### DIRECTIONS FOR THIS TASK
Every line of the data below must be output exactly, with images left out.

INFORMATION PROVIDED START

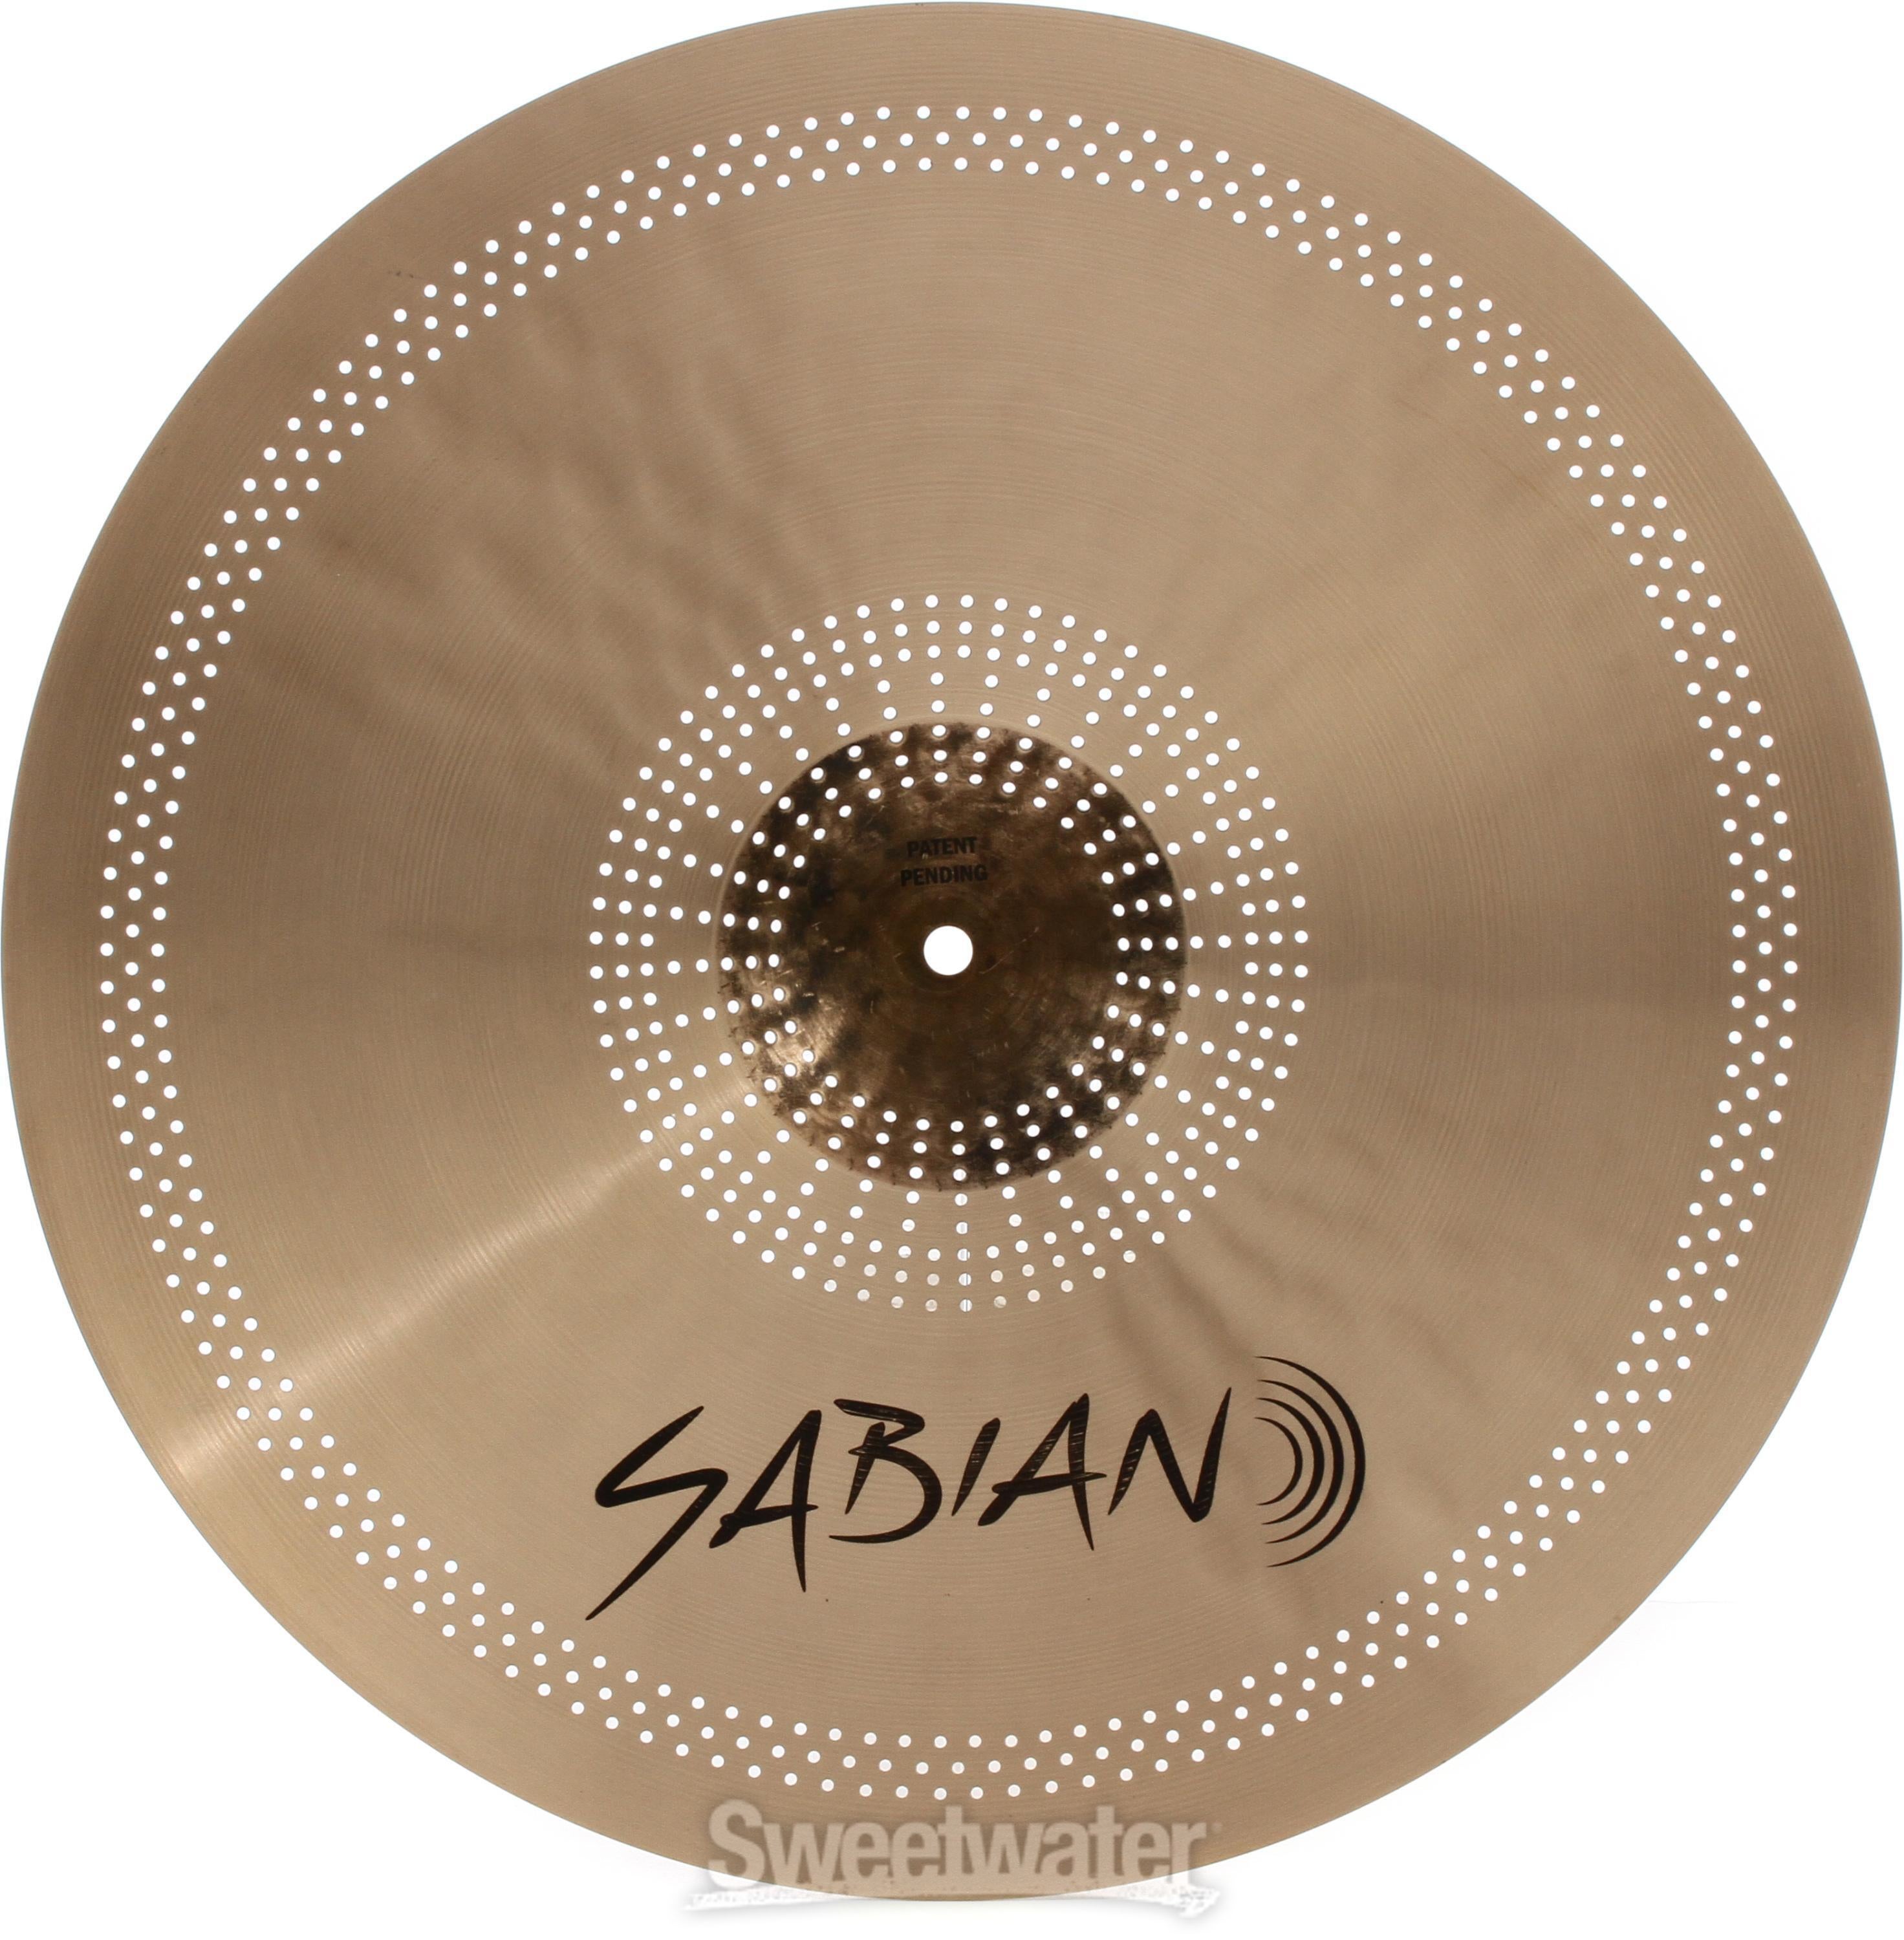 Sabian 20 inch FRX Ride Cymbal
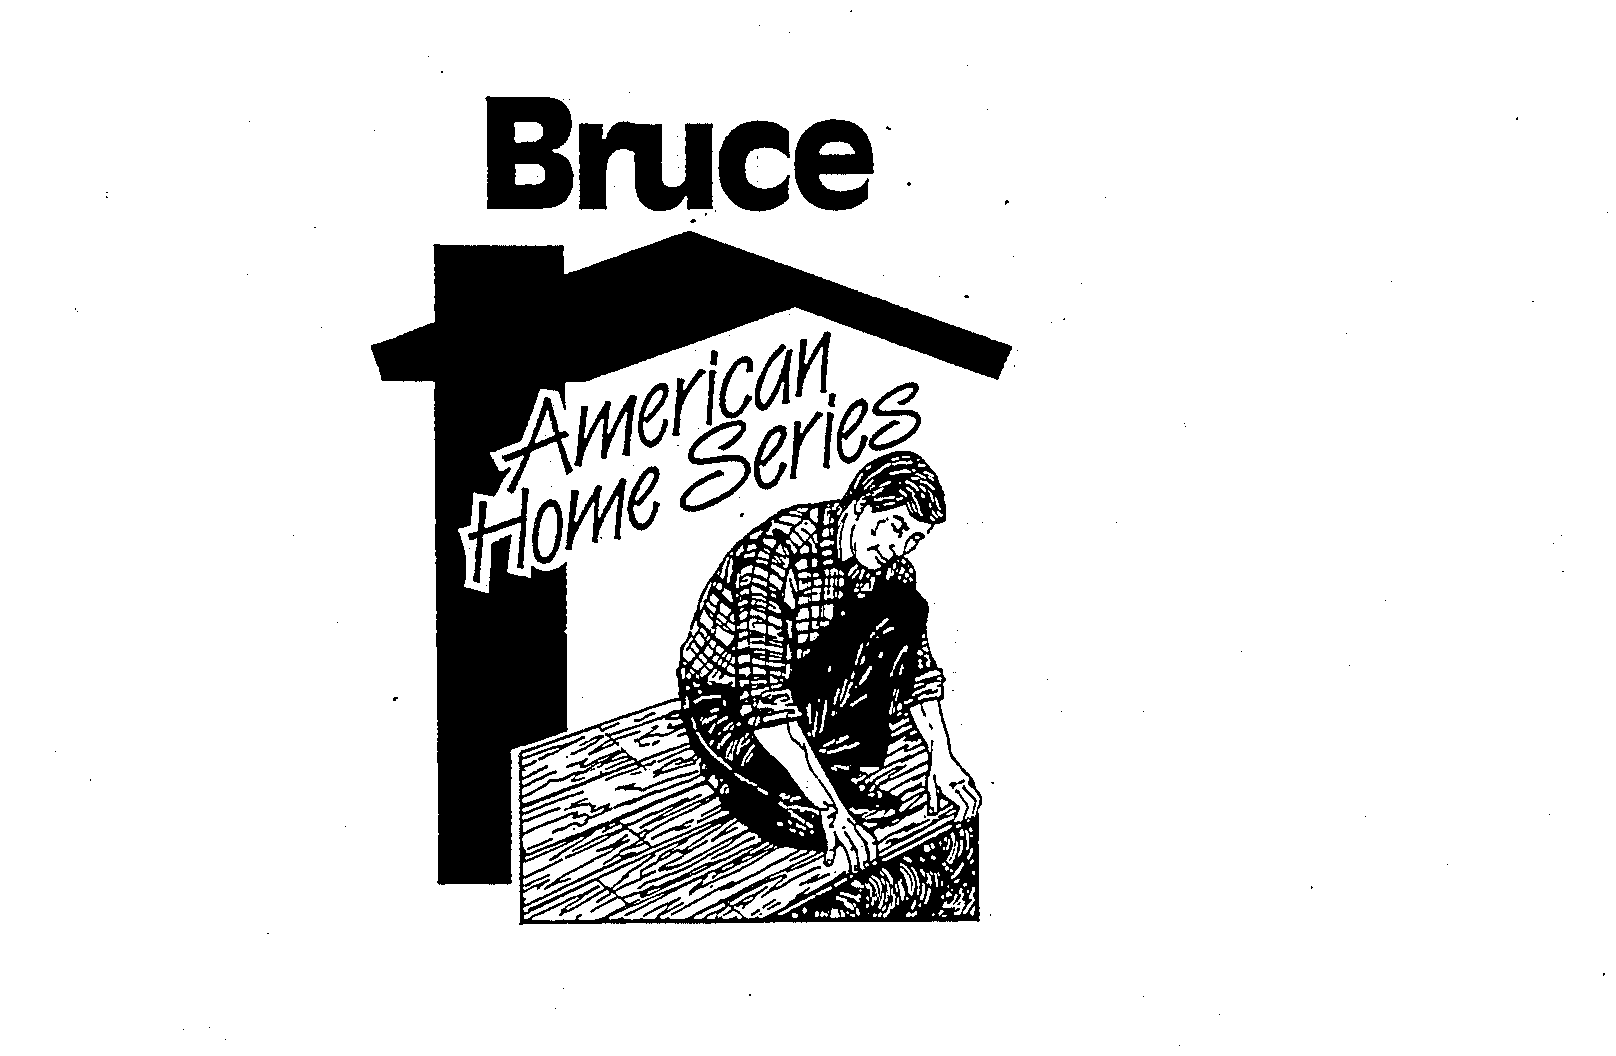  BRUCE AMERICAN HOME SERIES
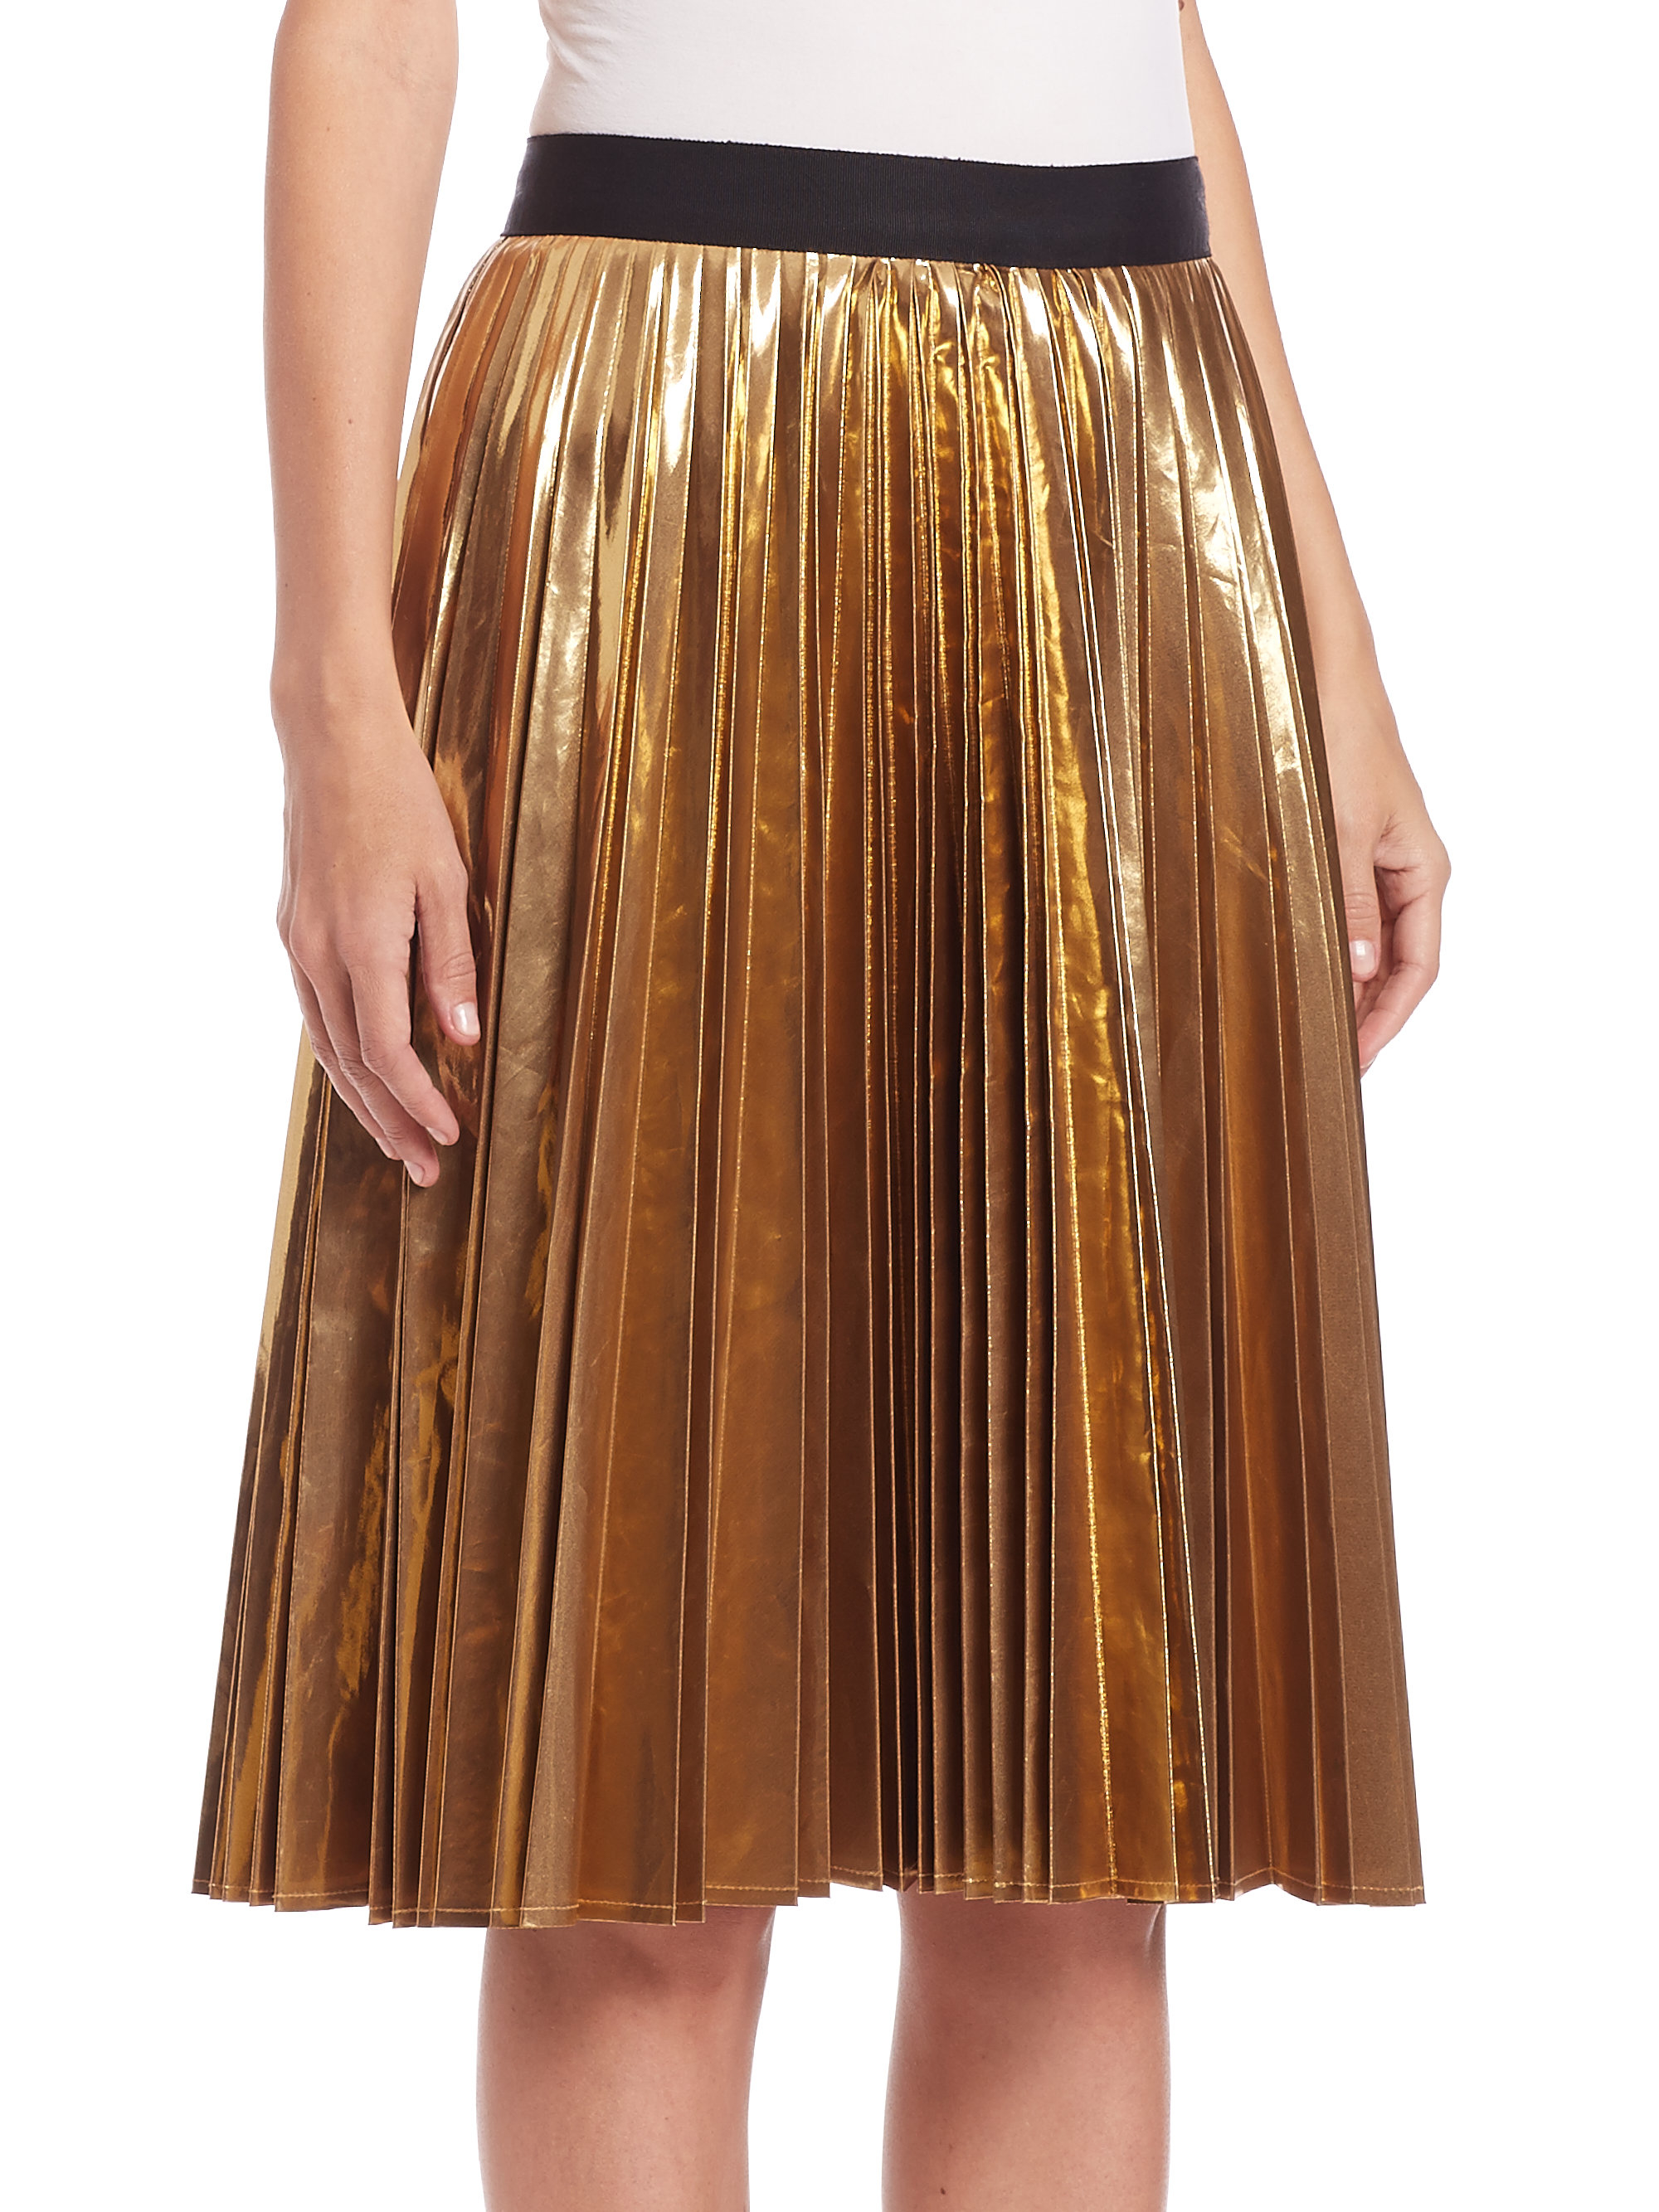 Dkny Metallic Pleated Skirt in Metallic | Lyst

INFORMATION PROVIDED END

### RESULT OF THIS EXERCISE
 Sabian 20 inch FRX Ride Cymbal
  BRUCE AMERICAN HOME SERIES
 Dkny Metallic Pleated Skirt in Metallic | Lyst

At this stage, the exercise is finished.